Rejane Duarte, que trabalhou com Mitchel, que morreu em 2018, voltou à cidade natal para selecionar bailarinos para bolsas de estudo no Dance Theatre of Harlem durante a segunda edição do Festival Internacional de Dança de Porto Alegre, que terminou no sábado (15). O evento serve de vitrine para disputa de bolsas em países como França, Alemanha e China.

O festival é promovido pelo Ballet Vera Bublitz, que completou 40 anos, onde Duarte se formou bailarina e teve o primeiro trabalho como professora de balé até se mudar para Nova York. Na época de aluna, era a única negra. Por isso acredita que se tivesse ficado no Brasil, não teria tido as mesmas oportunidades.

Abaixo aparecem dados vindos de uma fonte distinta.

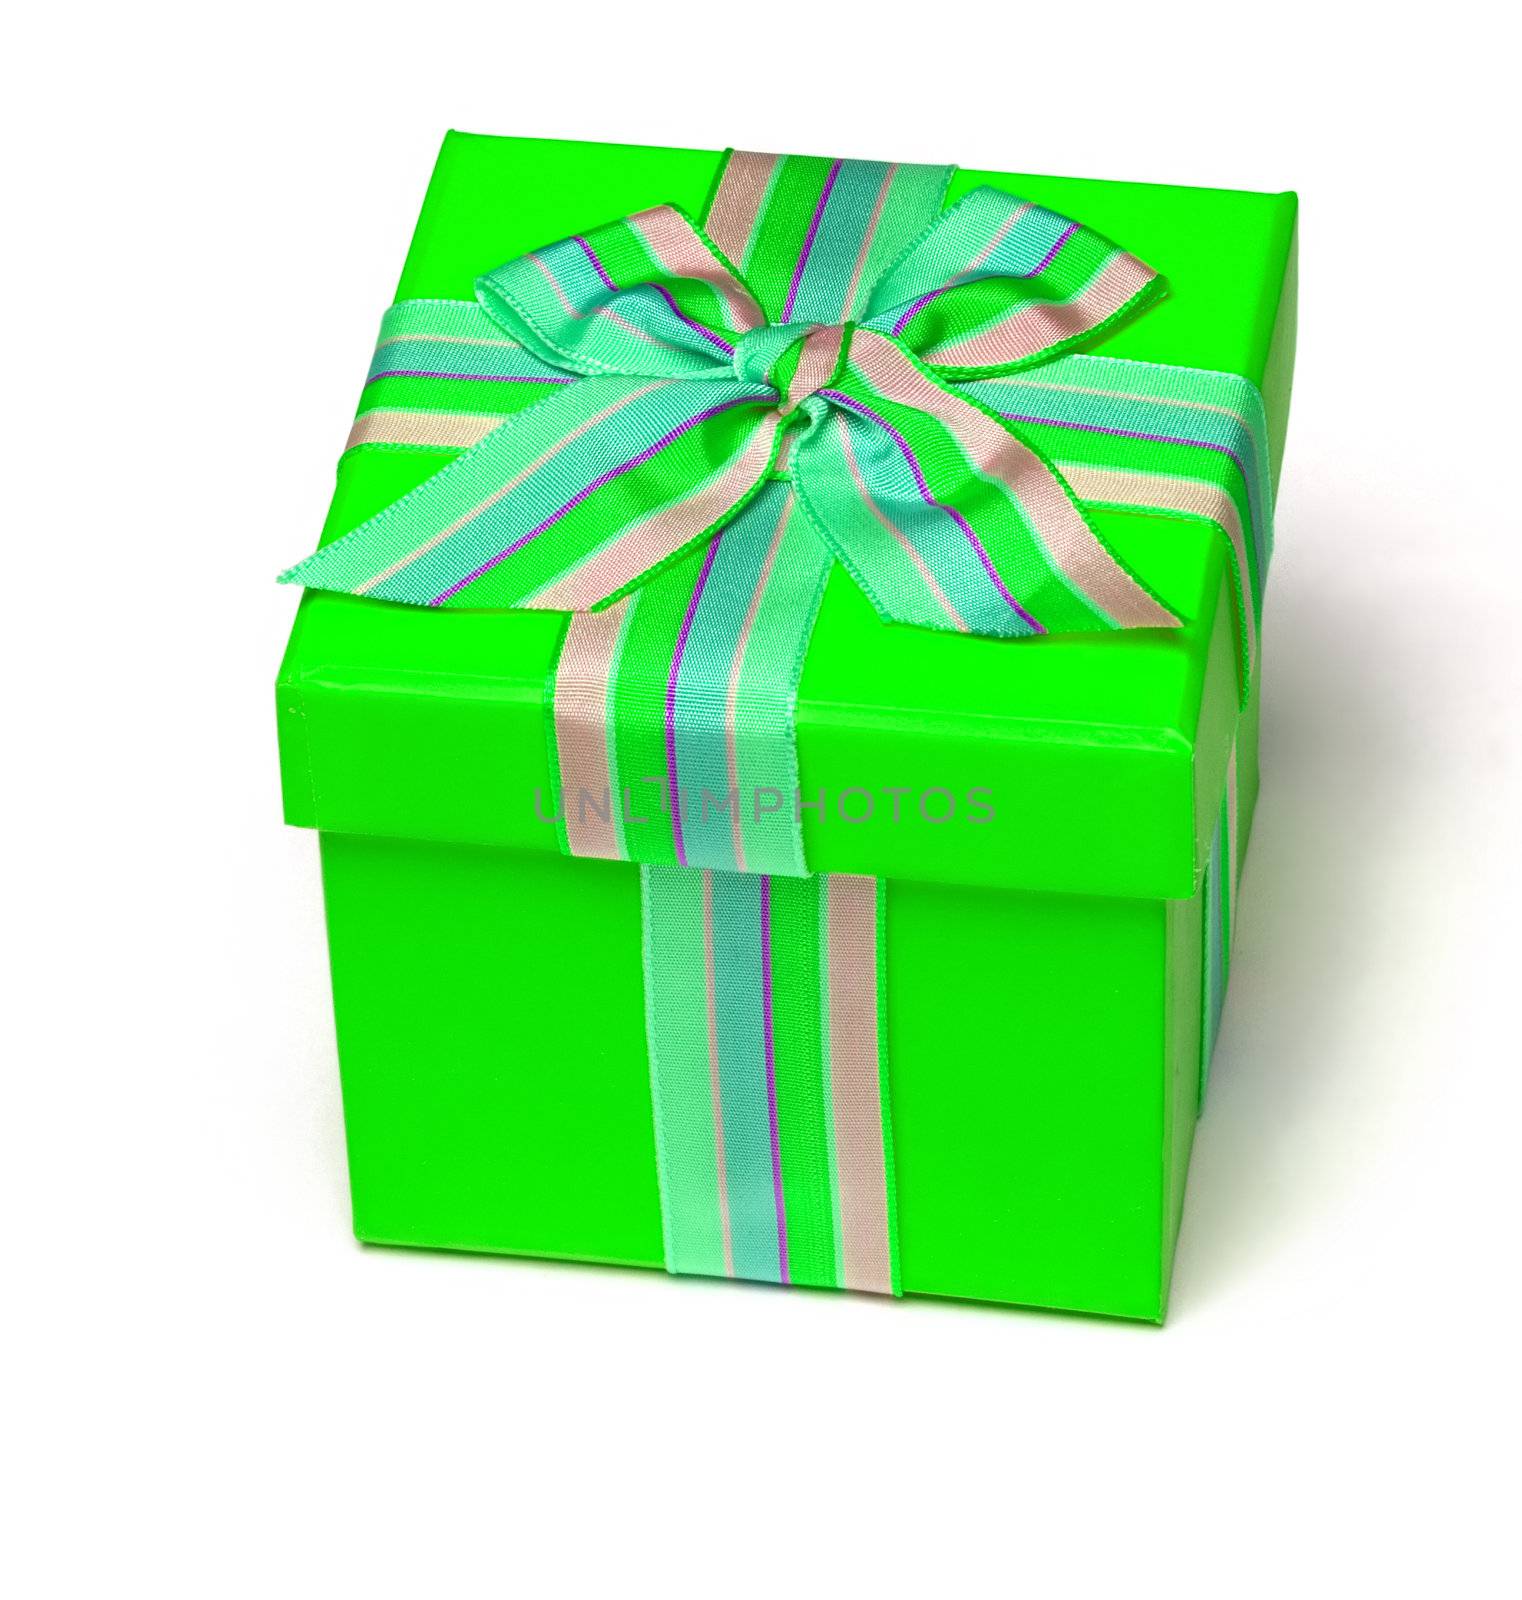 Green Gift Boxa, Isolated
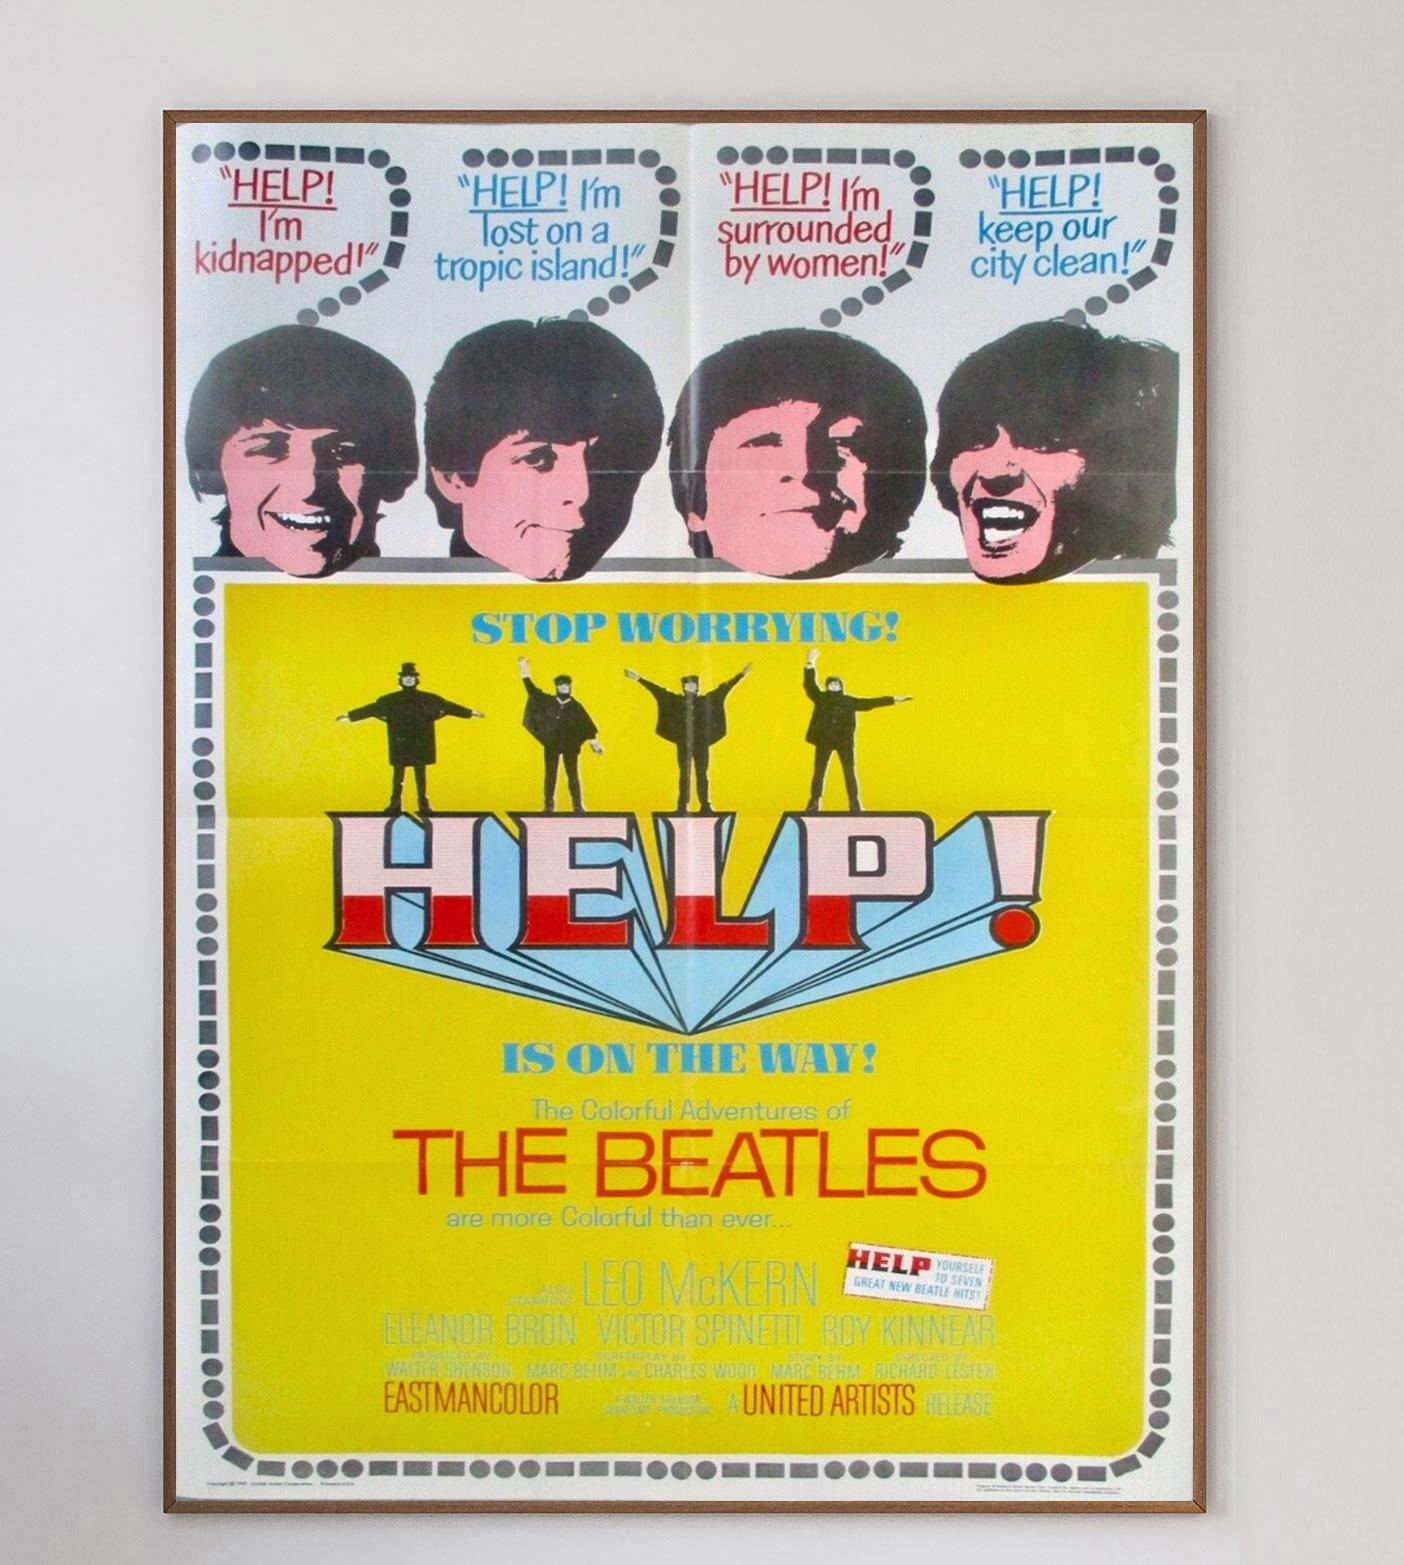 Le deuxième film des Beatles après A Hard Day's Night, Help ! Sorti en 1965 en même temps que le merveilleux album de la bande originale du même nom. Avec des chansons emblématiques telles que

"O preconceito racial é velado. É uma mentalidade antiga e preconceituosa, que as pessoas não gostam de admitir. Os bailarinos negros conseguem mais trabalho fora do país do que no Brasil. Tem algo errado aqui", afirma Duarte.

Quando chegou ao Harlem, bairro negro nova-iorquino, ela diz ter se sentido à vontade. Ali não era a única negra a dançar balé. Ela trocou a meia-calça e as sapatilhas cor-de-rosa por acessórios pintados manualmente de marrom. Os itens são tradicionalmente claros para se assemelhar com a pele branca da maioria das bailarinas.

"Até hoje tenho que pintar porque a marca que uso não fabrica de outra cor. Alegam que a demanda é pequena, mas isso só reflete a realidade de negros como minoria no balé. "É triste quando falo que sou bailarina e as pessoas dizem 'que legal, você dança samba!'. Só porque sou negra. Isso não vai mudar da noite para o dia, são mais de 400 anos de balé branco", afirmou.